The results and internal reports has also been communicated with our collaborators for further exploitations. Our collaboration with the experimental groups on the gas sensor applications with WS2 hybrid materials is a typical example of results and knowledge exploitation in this project.
The ER has also taken part in the 2018 DESY Open Day and Science Night in Hamburg and delivered scientific knowledge and introduced his research to general public and schoolchildren through informal conversations. These activities have been well received.
Research results obtained have been summarized into research papers published or to be published in scientific journals.

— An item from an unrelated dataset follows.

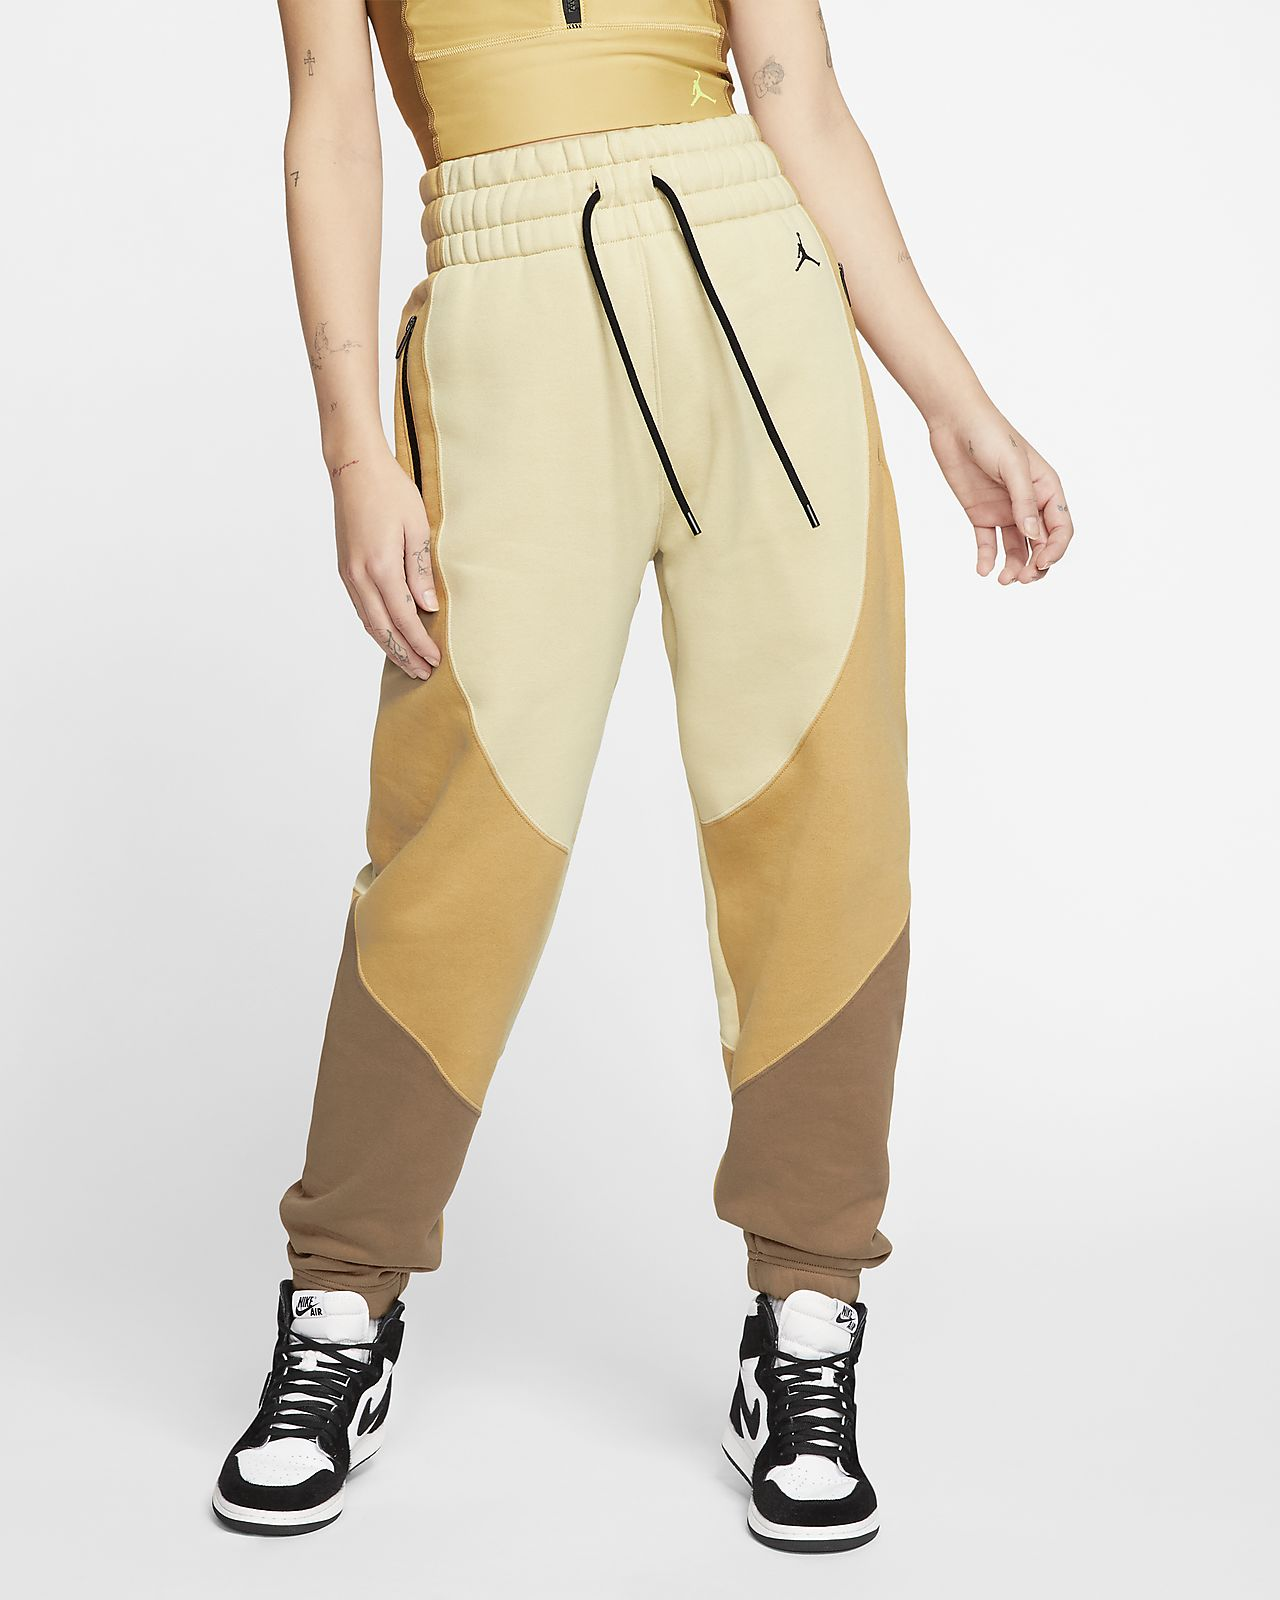 Pantalon en tissu Fleece Jordan pour Femme

The study of 2D van der waals materials will greatly advance the fields of 2D materials, condensed matter physics and electronic device applications. This project made significantly progress in understanding the electronic properties, plasmon properties and electron-electron correlations of these materials. In particular, we derived a general model to describe the plasmon dispersions and discovered localized and long lived plasmons in these systems, and showing how the plasmon properties can be tuned by different combination of heterostructures. These results expect to lay down the foundations of plasmonic applications with these amazing materials. Moreover, our study on 2D group VI elemental materials bring a new group of materials into the 2D materials family and greatly expand our knowledge on elemental 2D materials. This work is expected to further simulated theoretical and experimental efforts into the study of novel 2D materials that could be incorporated into 2D heterostructures and all 2D devices. Lastly, our work on twisted hBN predicted similar and even richer strongly physics can be studied in other twisted bilayer hBN, which open a new door for the study of highly tunable exotic strongly correlated physics in 2D van der waals materials with a twisted. Through the public engagements, such as the DESY open day, the knowledge transfer, the research and study under this Marie Curie action has considerably contributed to the better understanding of this phenomena both in the general public and the scientific community.